The output of the function is a ggplot
object.
2.2. The BoxWhiskerDataMapping
class
The dataMapping
from plotBoxWhisker
requires a BoxWhiskerDataMapping
class. This class can
simply be initialized by BoxWhiskerDataMapping$new()
,
needing y
variable name input only. For boxplots with
multiple boxes, x
variable name and/or fill
groupMapping can be used. The x
variable is expected to be
factor levels. Beside these common input, it is possible to overwrite
the aggregation functions that plot the edges of the box, the whiskers
and the outlying data.
- For the box edges
lower
,middle
, andupper
correspond to the first quartile, median, and the third quartile (25th, 50th, and 75th percentiles), respectively. - For the whiskers,
ymin
andymax
use the 5th and 95th percentiles. - For outliers, points lower than the 25th percentile - 1.5 x IQR and points higher than 75th percentile + 1.5 x IQR (where IQR is the inter-quartile range) are flagged and plotted.

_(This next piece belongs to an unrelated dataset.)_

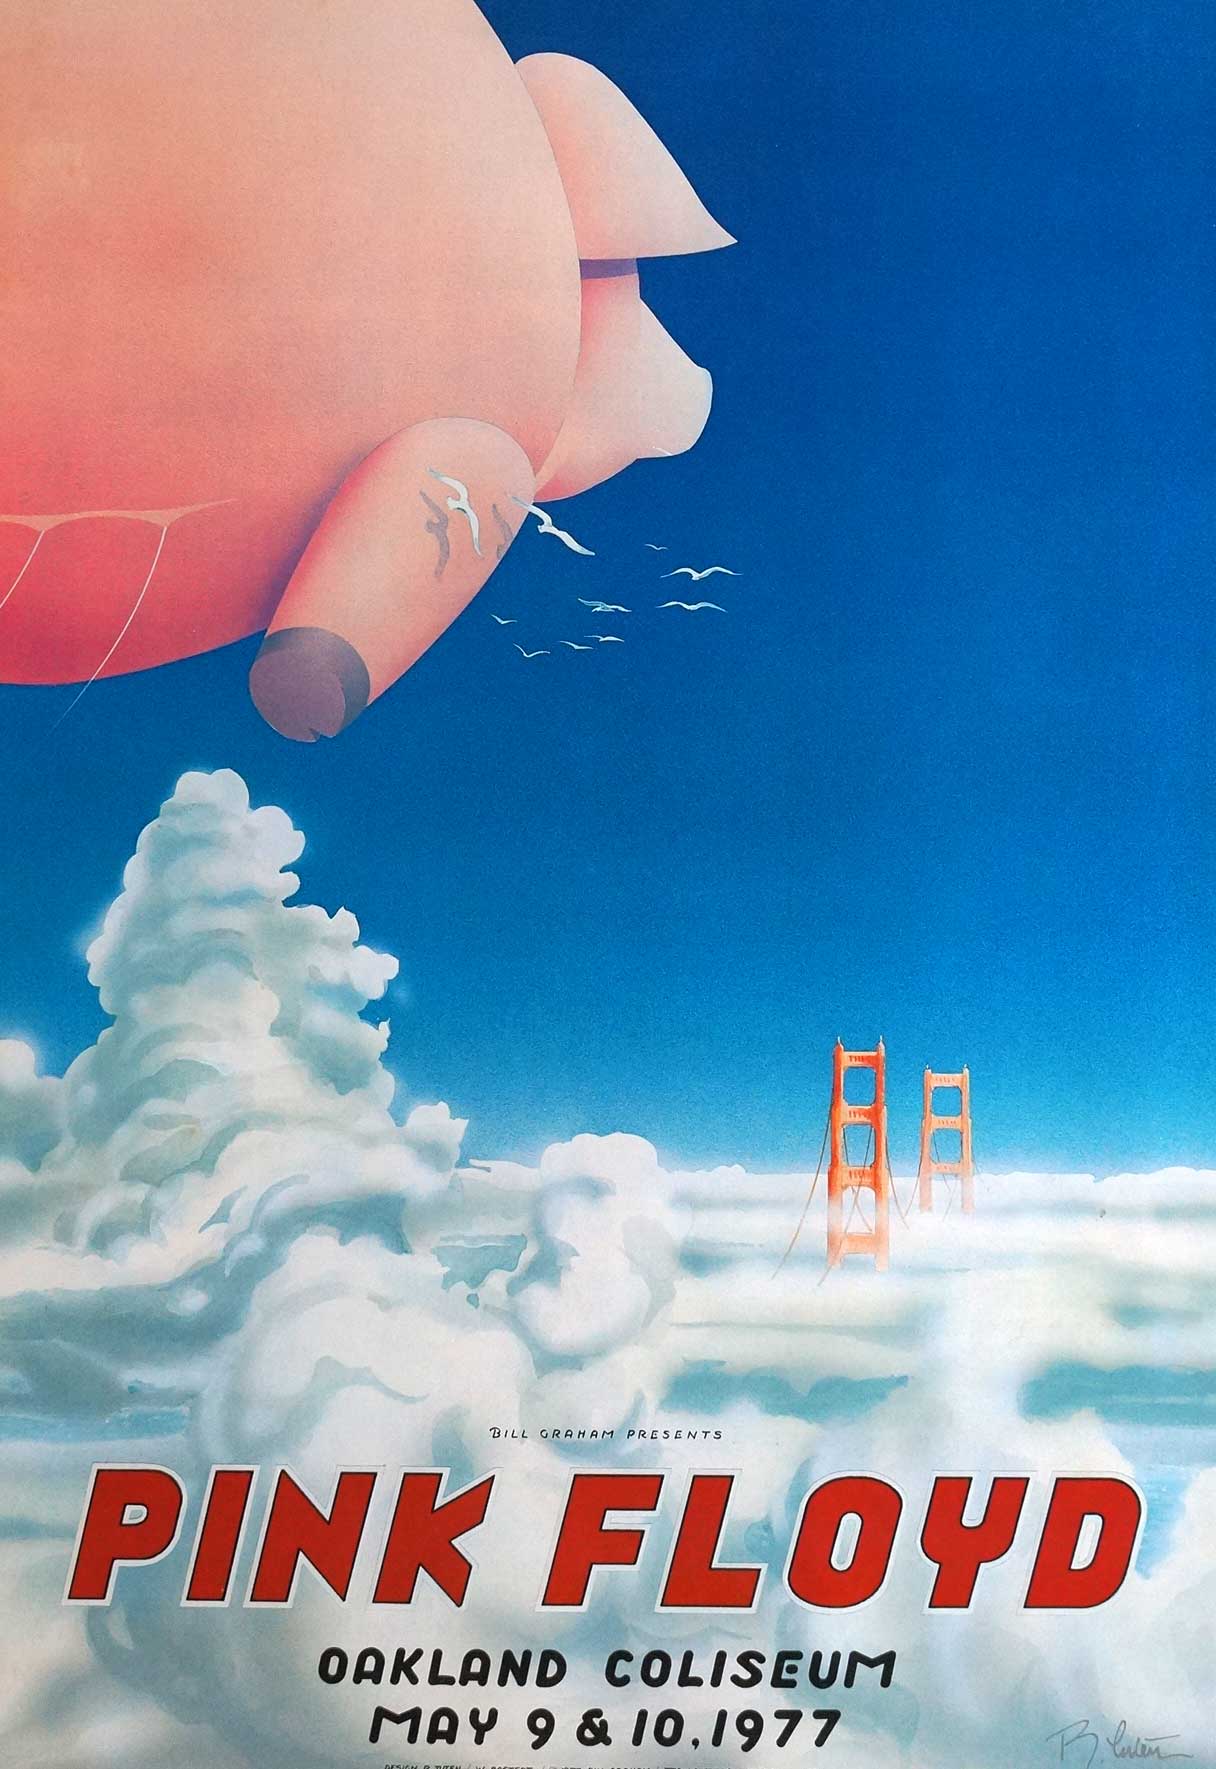 Pink Floyd at The Oakland Coliseum Movie Poster, 1977

In order to help with the boxplot aggregation functions, a bank of
predefined function names is already available in the tlfStatFunctions
(as an enum). Consequently, a tree with the available predefined
function names will appear when writing tlfStatFunctions$
:
‘mean’, ‘sd’, ‘min’, ‘max’, ‘mean-sd’, ‘mean+sd’, ‘mean-1.96sd’,
‘mean+1.96sd’, ‘Percentile0%’, ‘Percentile1%’, ‘Percentile2.5%’,
‘Percentile5%’, ‘Percentile10%’, ‘Percentile15%’, ‘Percentile20%’,
‘Percentile25%’, ‘Percentile50%’, ‘Percentile75%’, ‘Percentile80%’,
‘Percentile85%’, ‘Percentile90%’, ‘Percentile95%’, ‘Percentile97.5%’,
‘Percentile99%’, ‘Percentile100%’, ‘median-IQR’, ‘median+IQR’,
‘median-1.5IQR’, ‘median+1.5IQR’, ‘Percentile25%-1.5IQR’,
‘Percentile75%+1.5IQR’,
3. Examples
3.1. Data
To illustrate the workflow to produce boxplots, let’s use the
pkRatioDataExample.RData
example data from the
extdata
folder.
It includes the dataset pkRatioData
:
# Load example
pkRatioData <- read.csv(
system.file("extdata", "test-data.csv", package = "tlf"),
stringsAsFactors = FALSE
)
# pkRatioData
knitr::kable(utils::head(pkRatioData), digits = 2)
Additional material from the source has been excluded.